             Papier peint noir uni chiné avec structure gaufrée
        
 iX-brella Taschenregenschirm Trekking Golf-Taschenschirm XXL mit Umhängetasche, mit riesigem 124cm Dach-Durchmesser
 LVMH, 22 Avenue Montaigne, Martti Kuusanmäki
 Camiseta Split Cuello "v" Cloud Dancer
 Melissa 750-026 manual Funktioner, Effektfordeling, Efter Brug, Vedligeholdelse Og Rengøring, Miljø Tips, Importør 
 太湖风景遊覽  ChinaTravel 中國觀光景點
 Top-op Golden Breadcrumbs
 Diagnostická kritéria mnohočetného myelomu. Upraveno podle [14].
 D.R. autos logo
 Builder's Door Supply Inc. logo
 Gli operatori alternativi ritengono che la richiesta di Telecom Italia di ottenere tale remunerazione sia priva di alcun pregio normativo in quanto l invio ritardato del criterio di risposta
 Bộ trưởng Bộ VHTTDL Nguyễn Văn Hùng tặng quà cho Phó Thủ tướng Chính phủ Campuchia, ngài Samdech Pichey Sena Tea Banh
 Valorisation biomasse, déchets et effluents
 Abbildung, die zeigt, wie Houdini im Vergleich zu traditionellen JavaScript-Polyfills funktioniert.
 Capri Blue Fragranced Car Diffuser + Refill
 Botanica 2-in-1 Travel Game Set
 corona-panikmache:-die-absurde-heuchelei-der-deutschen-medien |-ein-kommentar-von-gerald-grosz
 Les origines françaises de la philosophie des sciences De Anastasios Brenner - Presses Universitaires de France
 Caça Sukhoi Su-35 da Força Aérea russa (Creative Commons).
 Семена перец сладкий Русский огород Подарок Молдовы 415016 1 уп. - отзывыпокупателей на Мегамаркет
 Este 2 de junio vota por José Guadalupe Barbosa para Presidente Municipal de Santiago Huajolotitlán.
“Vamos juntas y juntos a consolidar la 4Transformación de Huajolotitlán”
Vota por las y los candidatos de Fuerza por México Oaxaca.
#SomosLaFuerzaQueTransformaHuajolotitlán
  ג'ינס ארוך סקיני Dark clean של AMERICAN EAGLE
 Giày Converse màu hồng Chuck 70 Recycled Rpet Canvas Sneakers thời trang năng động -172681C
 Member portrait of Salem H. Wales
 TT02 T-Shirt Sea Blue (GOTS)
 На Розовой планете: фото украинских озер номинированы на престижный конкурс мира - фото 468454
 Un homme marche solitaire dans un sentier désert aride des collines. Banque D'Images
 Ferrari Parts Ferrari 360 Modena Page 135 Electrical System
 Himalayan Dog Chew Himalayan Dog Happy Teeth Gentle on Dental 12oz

• [PROBLEM STATEMENT]
Nothing in the entries may change. Retype them all.

• [ANSWER SECTION]
             Papier peint noir uni chiné avec structure gaufrée
        
 iX-brella Taschenregenschirm Trekking Golf-Taschenschirm XXL mit Umhängetasche, mit riesigem 124cm Dach-Durchmesser
 LVMH, 22 Avenue Montaigne, Martti Kuusanmäki
 Camiseta Split Cuello "v" Cloud Dancer
 Melissa 750-026 manual Funktioner, Effektfordeling, Efter Brug, Vedligeholdelse Og Rengøring, Miljø Tips, Importør 
 太湖风景遊覽  ChinaTravel 中國觀光景點
 Top-op Golden Breadcrumbs
 Diagnostická kritéria mnohočetného myelomu. Upraveno podle [14].
 D.R. autos logo
 Builder's Door Supply Inc. logo
 Gli operatori alternativi ritengono che la richiesta di Telecom Italia di ottenere tale remunerazione sia priva di alcun pregio normativo in quanto l invio ritardato del criterio di risposta
 Bộ trưởng Bộ VHTTDL Nguyễn Văn Hùng tặng quà cho Phó Thủ tướng Chính phủ Campuchia, ngài Samdech Pichey Sena Tea Banh
 Valorisation biomasse, déchets et effluents
 Abbildung, die zeigt, wie Houdini im Vergleich zu traditionellen JavaScript-Polyfills funktioniert.
 Capri Blue Fragranced Car Diffuser + Refill
 Botanica 2-in-1 Travel Game Set
 corona-panikmache:-die-absurde-heuchelei-der-deutschen-medien |-ein-kommentar-von-gerald-grosz
 Les origines françaises de la philosophie des sciences De Anastasios Brenner - Presses Universitaires de France
 Caça Sukhoi Su-35 da Força Aérea russa (Creative Commons).
 Семена перец сладкий Русский огород Подарок Молдовы 415016 1 уп. - отзывыпокупателей на Мегамаркет
 Este 2 de junio vota por José Guadalupe Barbosa para Presidente Municipal de Santiago Huajolotitlán.
“Vamos juntas y juntos a consolidar la 4Transformación de Huajolotitlán”
Vota por las y los candidatos de Fuerza por México Oaxaca.
#SomosLaFuerzaQueTransformaHuajolotitlán
  ג'ינס ארוך סקיני Dark clean של AMERICAN EAGLE
 Giày Converse màu hồng Chuck 70 Recycled Rpet Canvas Sneakers thời trang năng động -172681C
 Member portrait of Salem H. Wales
 TT02 T-Shirt Sea Blue (GOTS)
 На Розовой планете: фото украинских озер номинированы на престижный конкурс мира - фото 468454
 Un homme marche solitaire dans un sentier désert aride des collines. Banque D'Images
 Ferrari Parts Ferrari 360 Modena Page 135 Electrical System
 Himalayan Dog Chew Himalayan Dog Happy Teeth Gentle on Dental 12oz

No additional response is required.